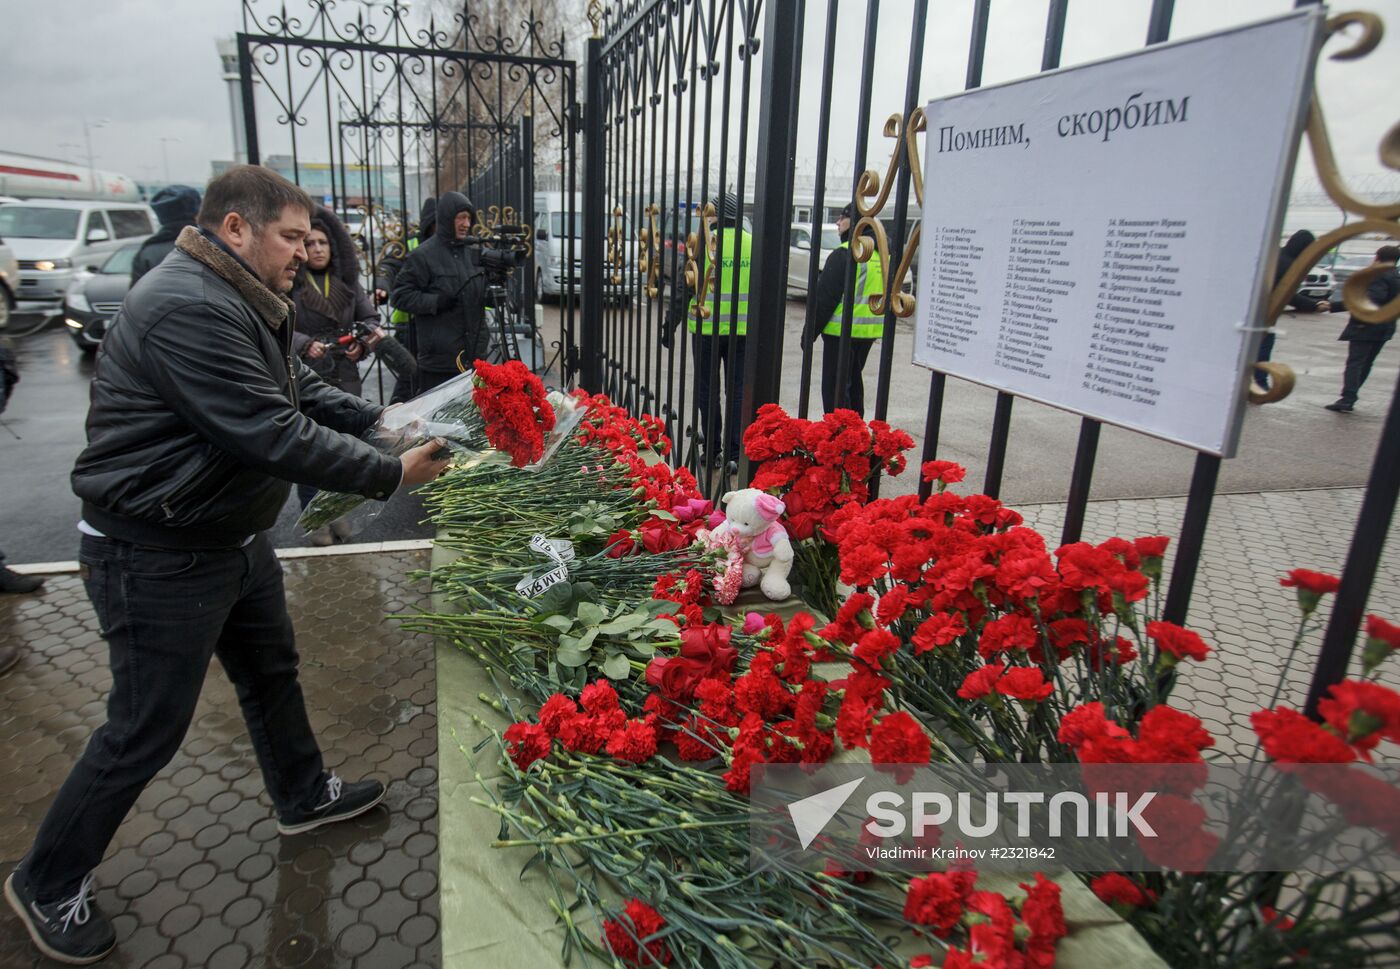 Kazan residents bring flowers in memory of Boeing 737 crash causalities
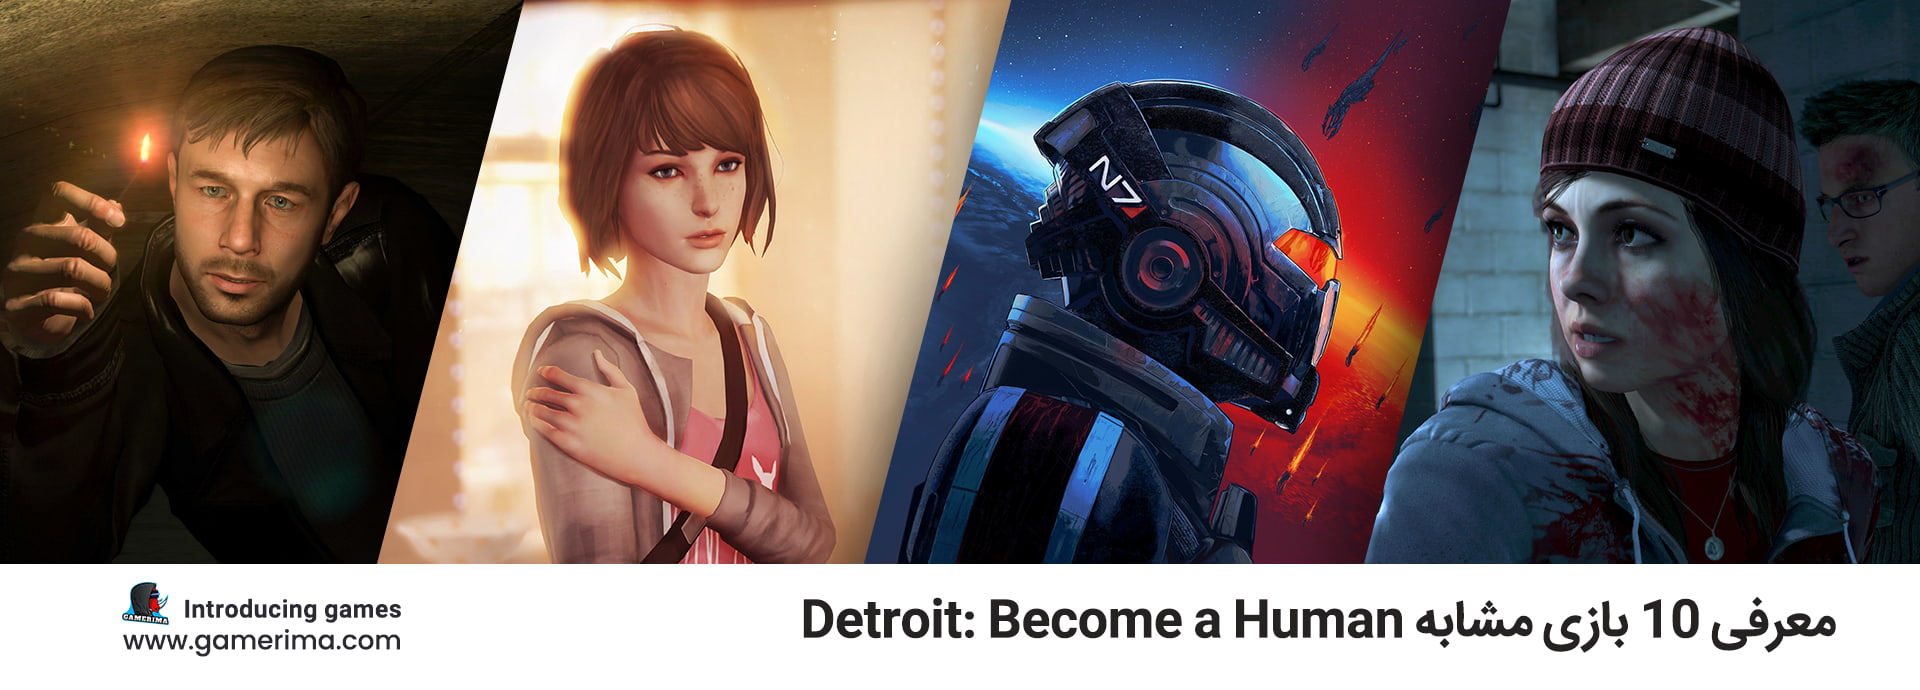 معرفی ۱۰ بازی مشابه Detroit: Become a Human
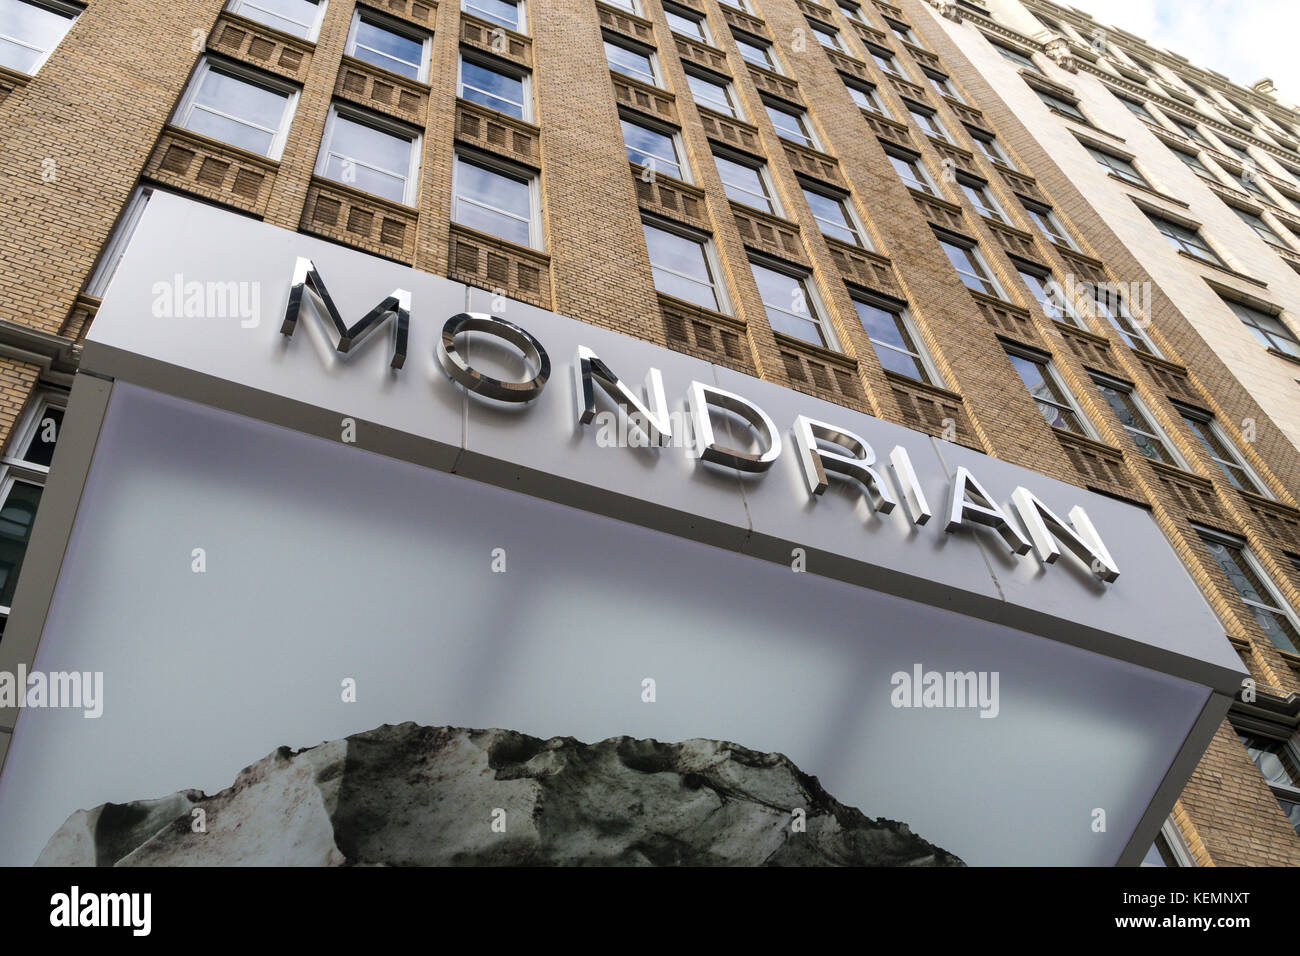 L'hôtel Mondrian sur Park Avenue, New York, USA Banque D'Images
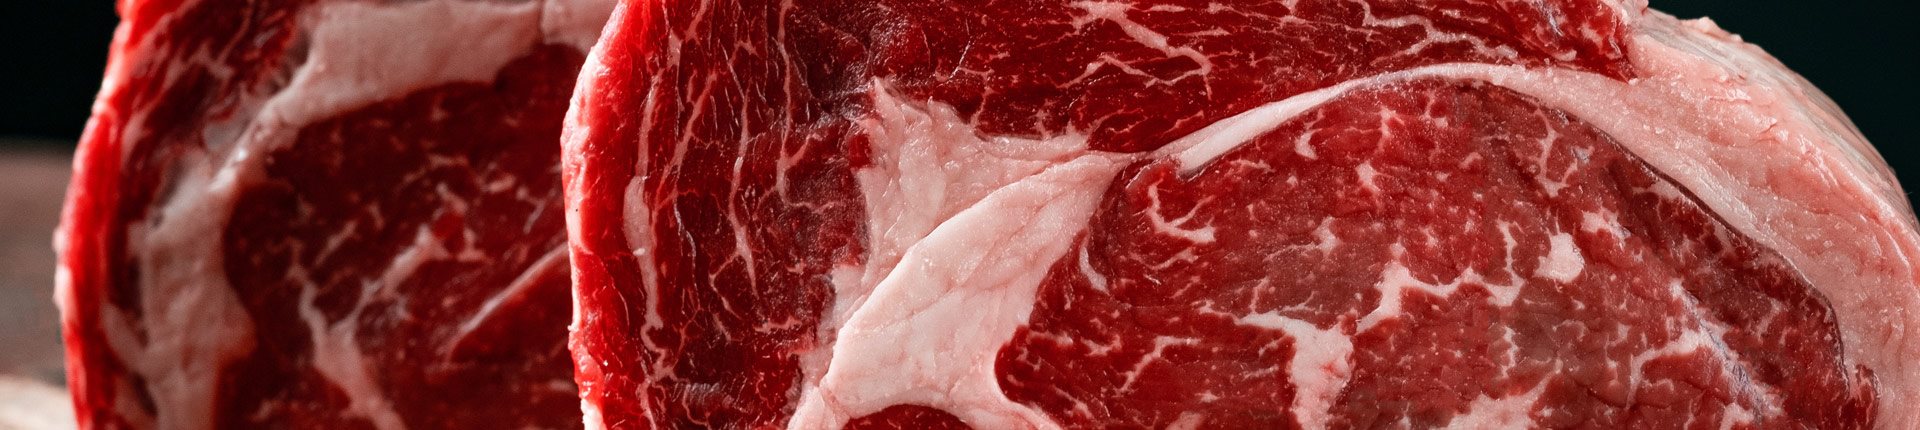 Czy mięso jest szkodliwe i zwiększa ryzyko zachorowania na raka?
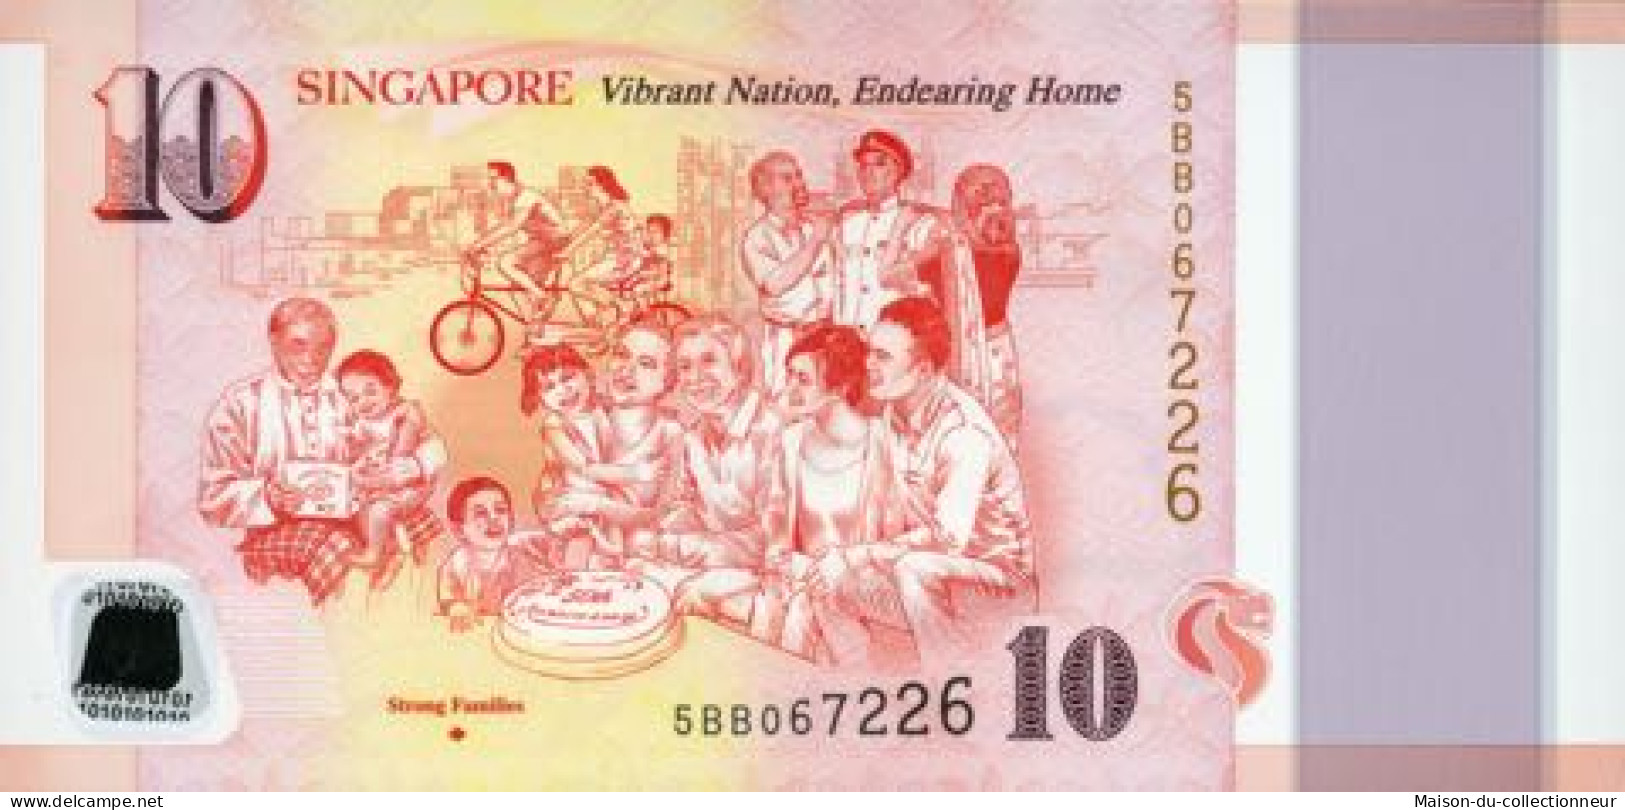 Singapour Billet de banque collection - Série de 6 billets
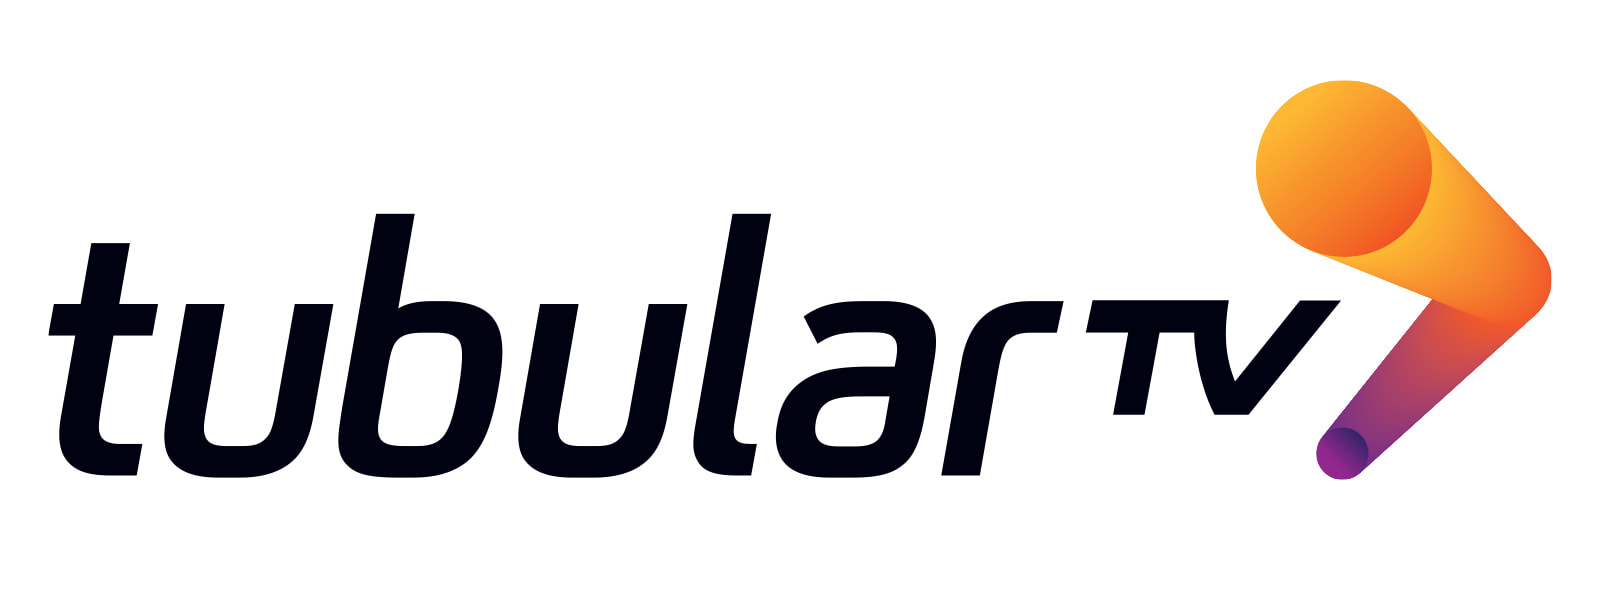 TubularTV logo

> **PROBLEM**: Wherever an image appears, omit it; copy the rest of the records exactly.

> **SOLUTION TO THE PROBLEM**:
 Kazan residents bring flowers in memory of Boeing 737 crash causalities
 معرفی ۱۰ بازی مشابه Detroit: Become a Human
 L'hôtel Mondrian sur Park Avenue, New York, USA Banque D'Images
 Czy mięso jest szkodliwe i zwiększa ryzyko zachorowania na raka?
 Singapour Billet de banque collection - Série de 6 billets
 TubularTV logo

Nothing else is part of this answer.